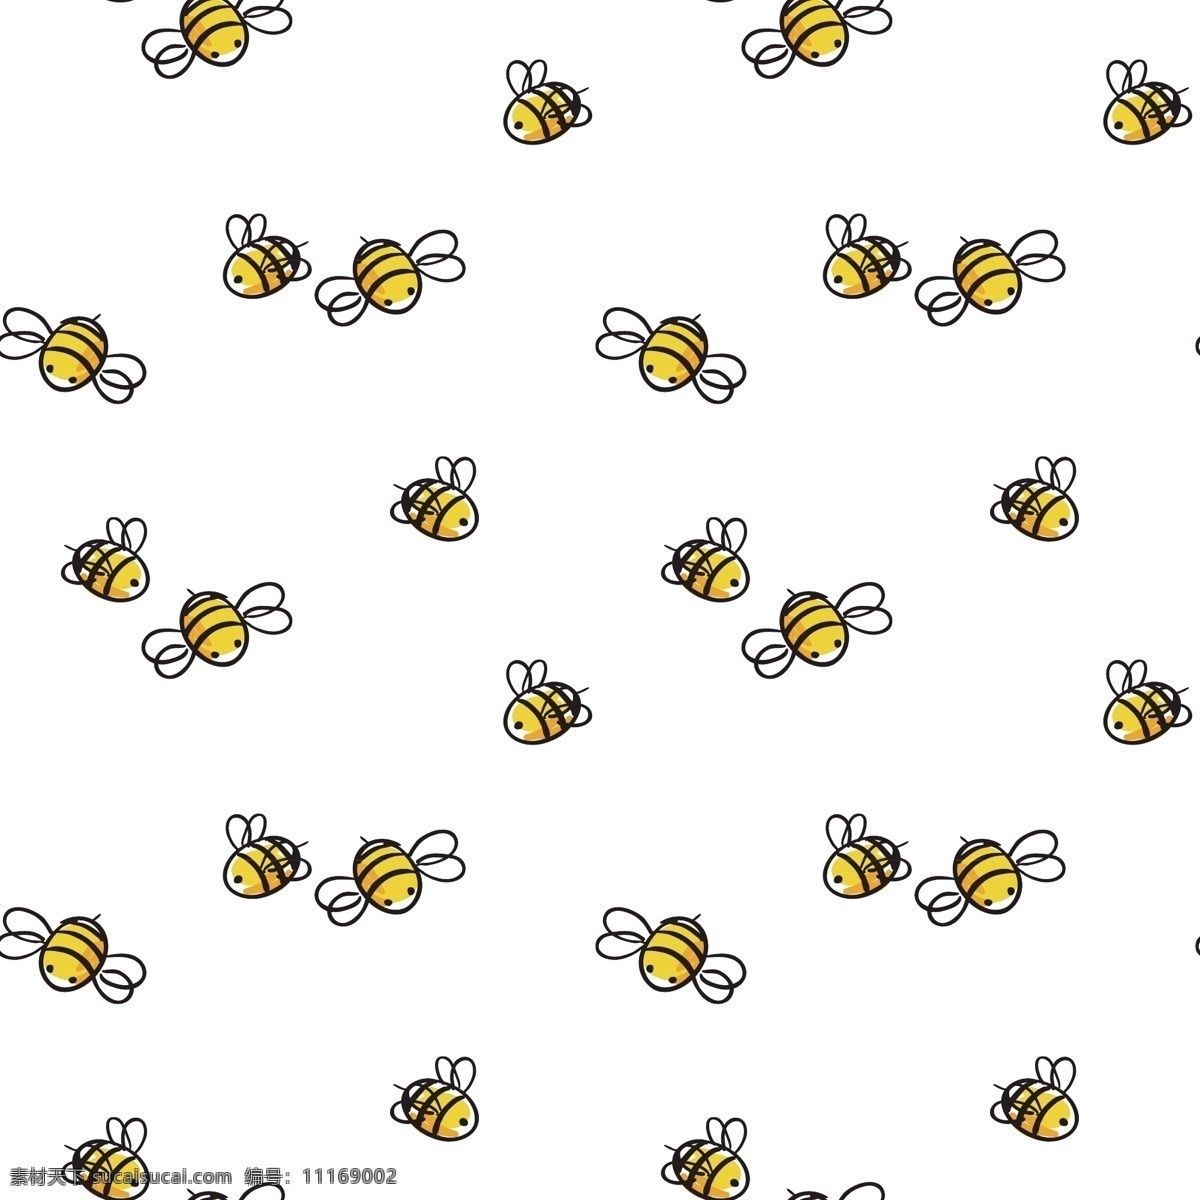 小蜜蜂二十四 小蜜蜂 小蜜蜂图标 小蜜蜂素材 小 蜜蜂 logo 小蜜蜂图案 小蜜蜂图片 小蜜蜂设计 蜜蜂设计 蜜蜂logo 蜜蜂图标 蜜蜂图片 蜜蜂素材 昆虫 昆虫设计 昆虫图标 昆虫logo 蜂蜜 蜂蜜logo 吉祥物 吉祥物图标 吉祥物标志 蜂王 小蜜蜂满印 床单印花 服装印花 强制印花 包装印花 包装设计
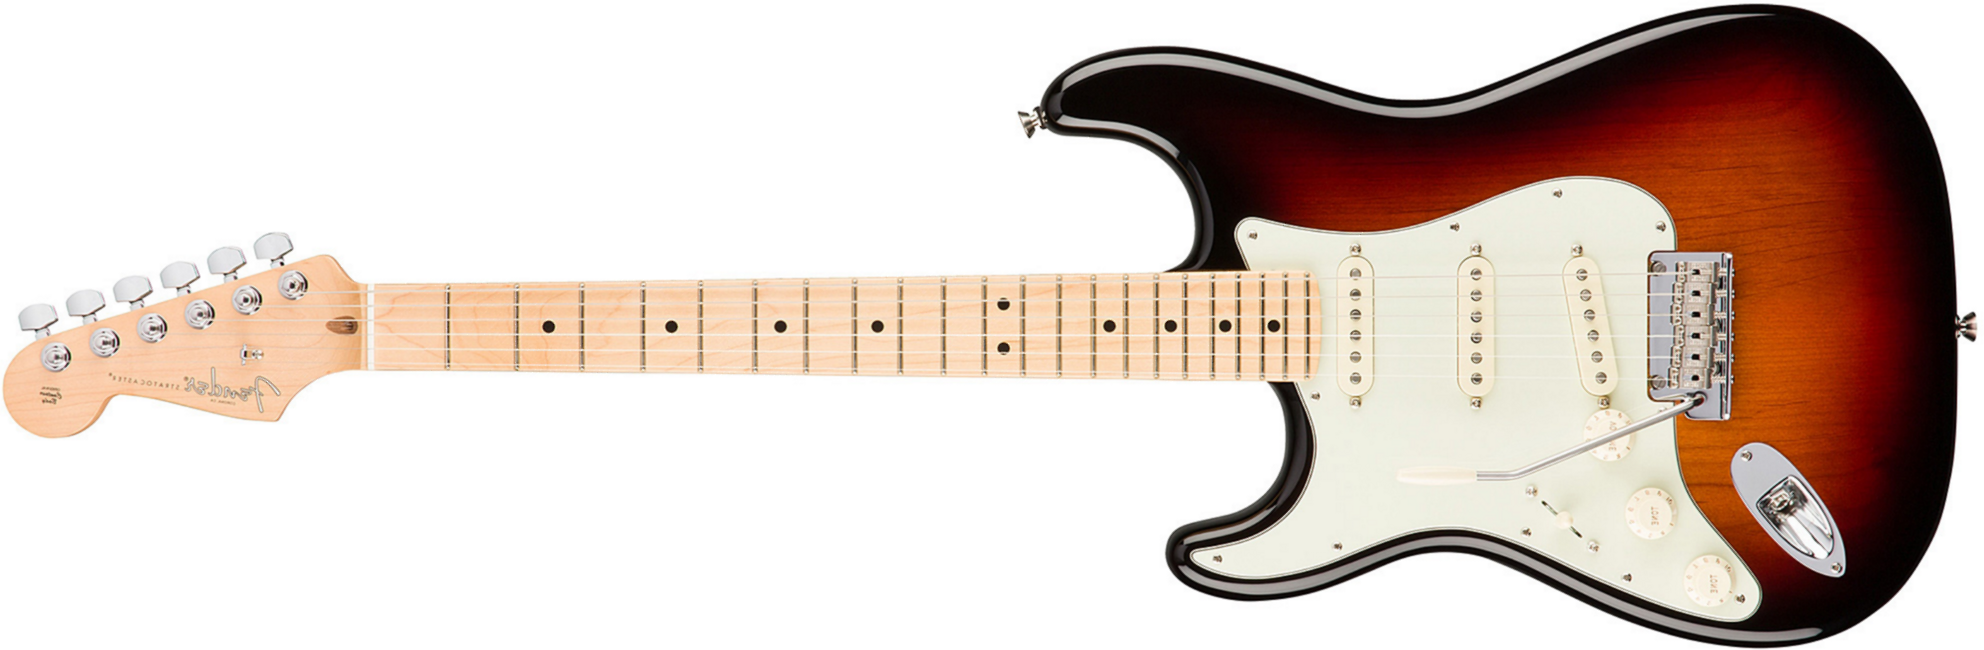 Fender Strat American Professional Lh Usa Gaucher 3s Mn - 3-color Sunburst - Linkshandige elektrische gitaar - Main picture
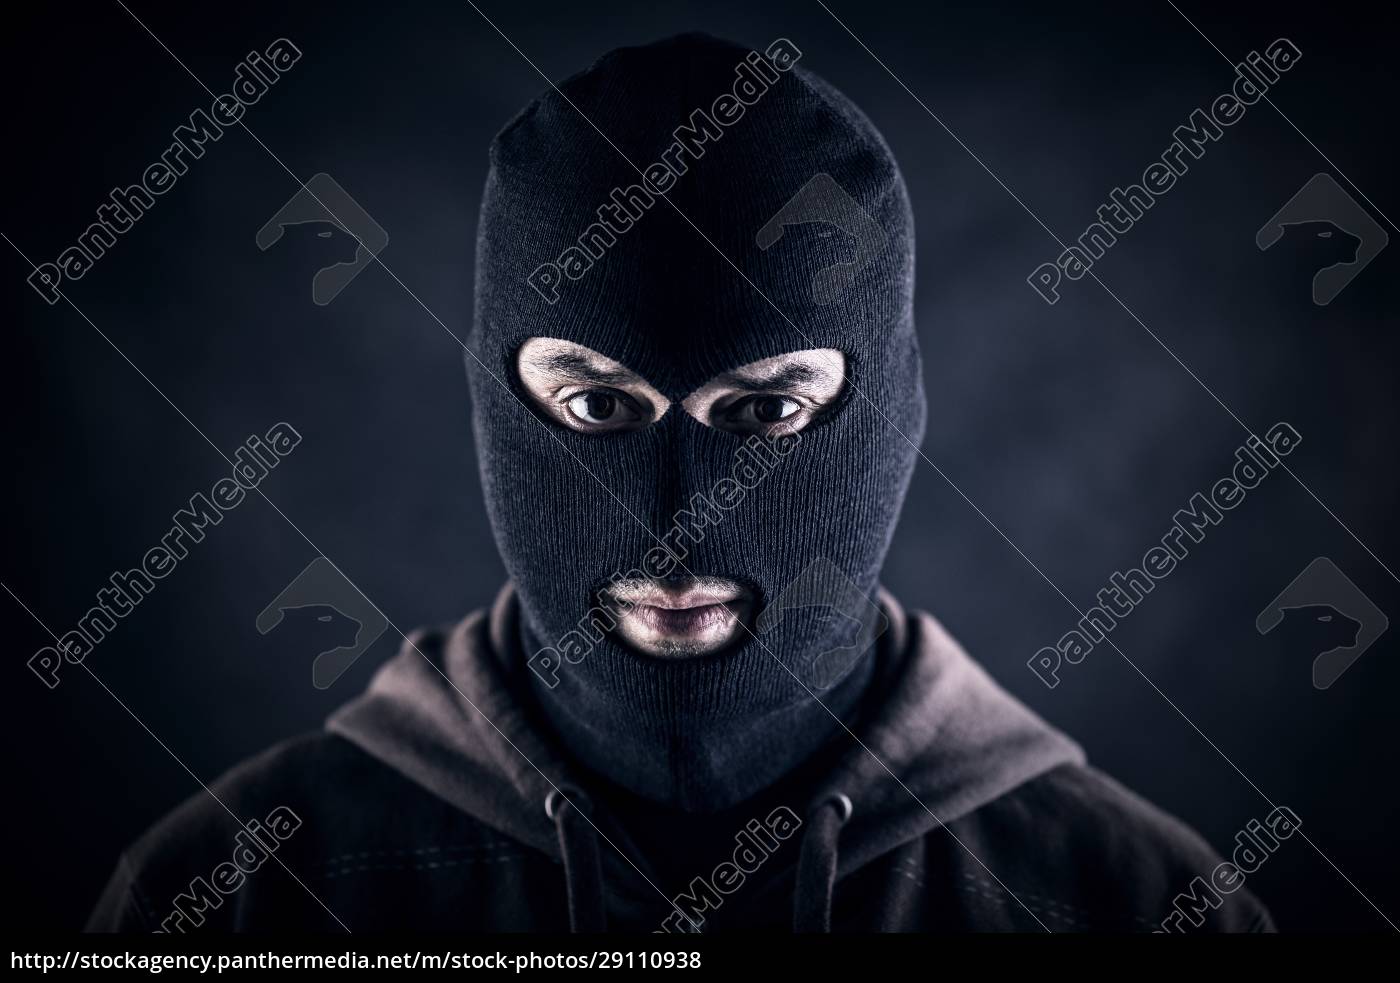 Criminale che indossa passamontagna nero e felpa con - Stockphoto #29110938
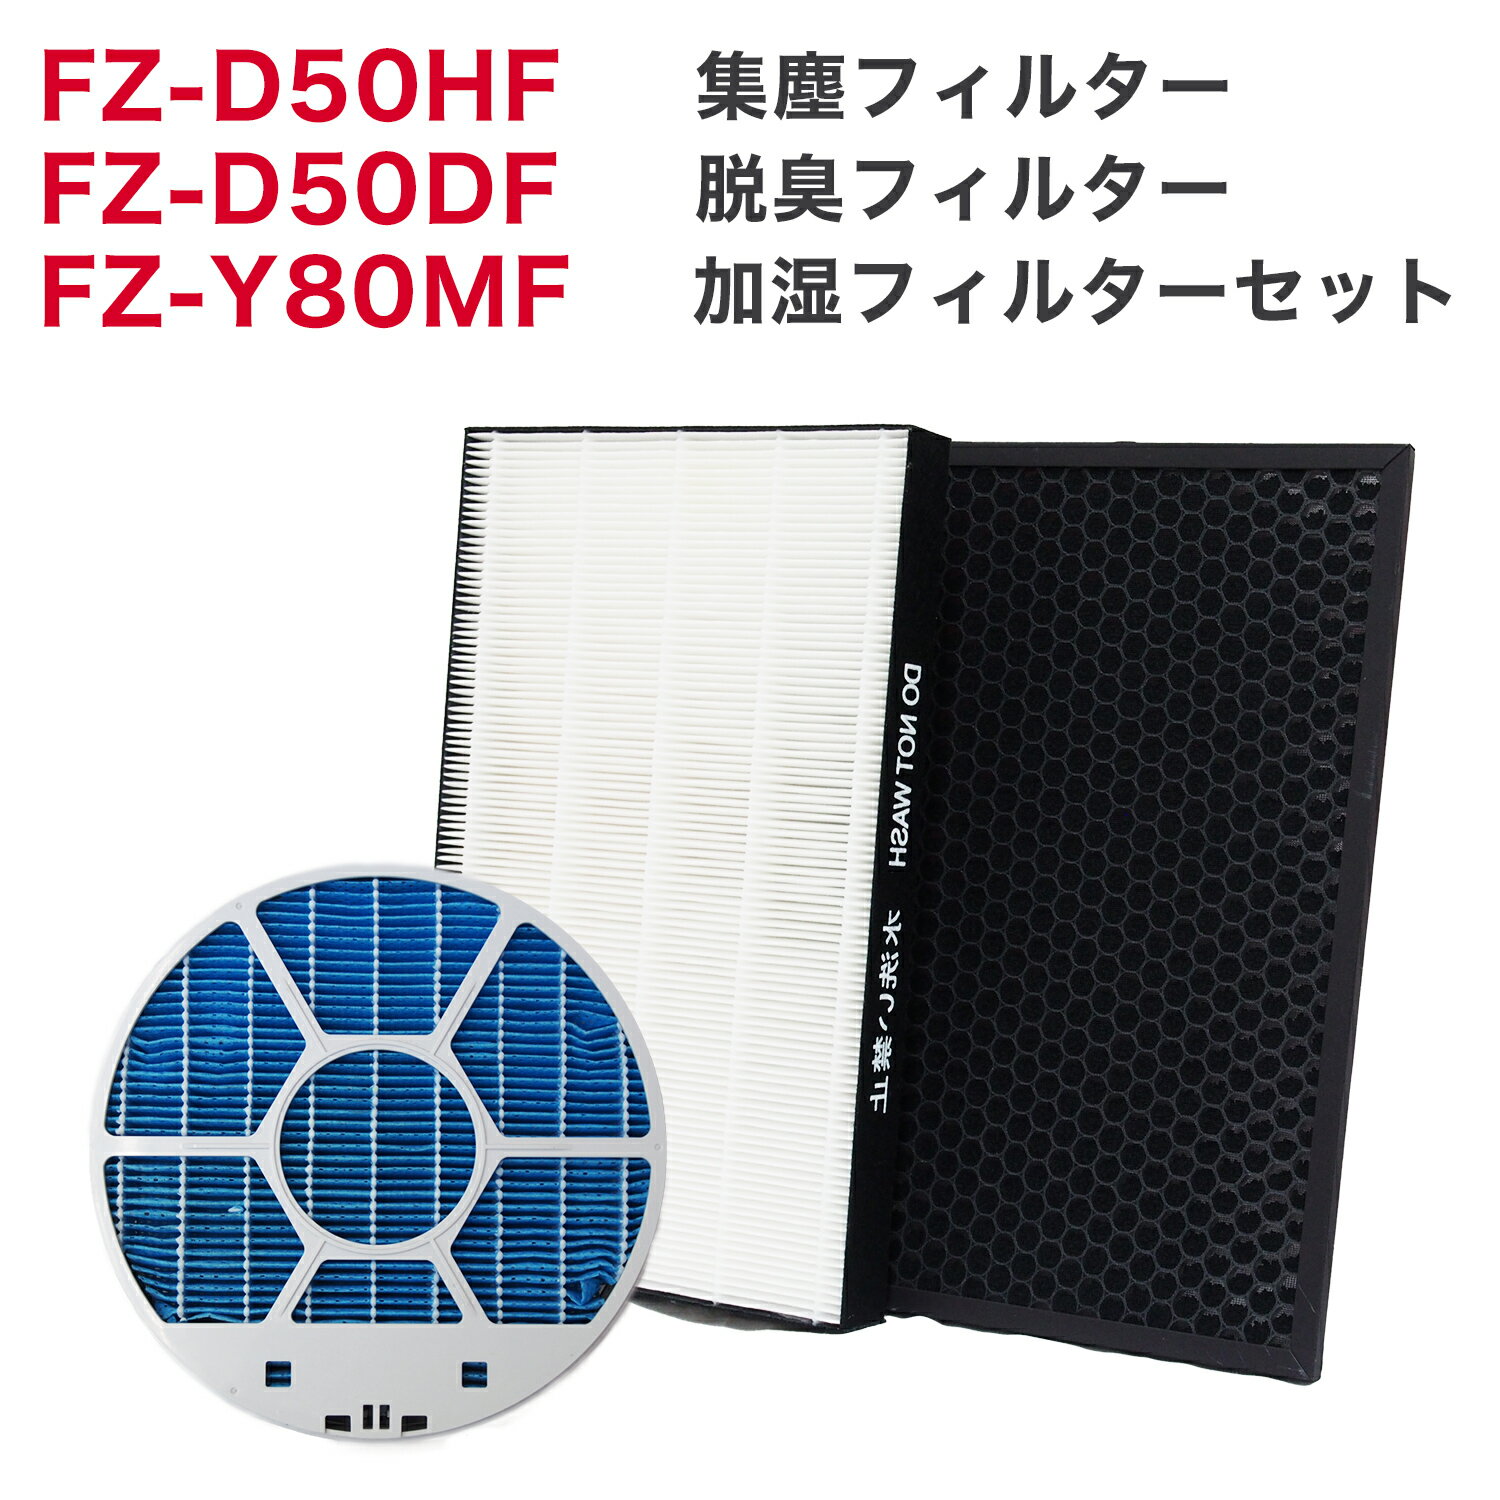 空気清浄機用アクセサリー, 交換フィルター 3 FZ-D50HF FZ-D50DF FZ-Y80MF fz d50hf FZD50DF FZ-F50DF (2802140115) FZY80MF

Description of the task » Output the listing above in full, exactly. No images.

The answer »
 小蜜蜂二十四 小蜜蜂 小蜜蜂图标 小蜜蜂素材 小 蜜蜂 logo 小蜜蜂图案 小蜜蜂图片 小蜜蜂设计 蜜蜂设计 蜜蜂logo 蜜蜂图标 蜜蜂图片 蜜蜂素材 昆虫 昆虫设计 昆虫图标 昆虫logo 蜂蜜 蜂蜜logo 吉祥物 吉祥物图标 吉祥物标志 蜂王 小蜜蜂满印 床单印花 服装印花 强制印花 包装印花 包装设计
 Fender Strat American Professional Lh Usa Gaucher 3s Mn - 3-color Sunburst - Linkshandige elektrische gitaar - Main picture
 Criminale che indossa passamontagna nero e felpa con - Stockphoto #29110938
 空気清浄機用アクセサリー, 交換フィルター 3 FZ-D50HF FZ-D50DF FZ-Y80MF fz d50hf FZD50DF FZ-F50DF (2802140115) FZY80MF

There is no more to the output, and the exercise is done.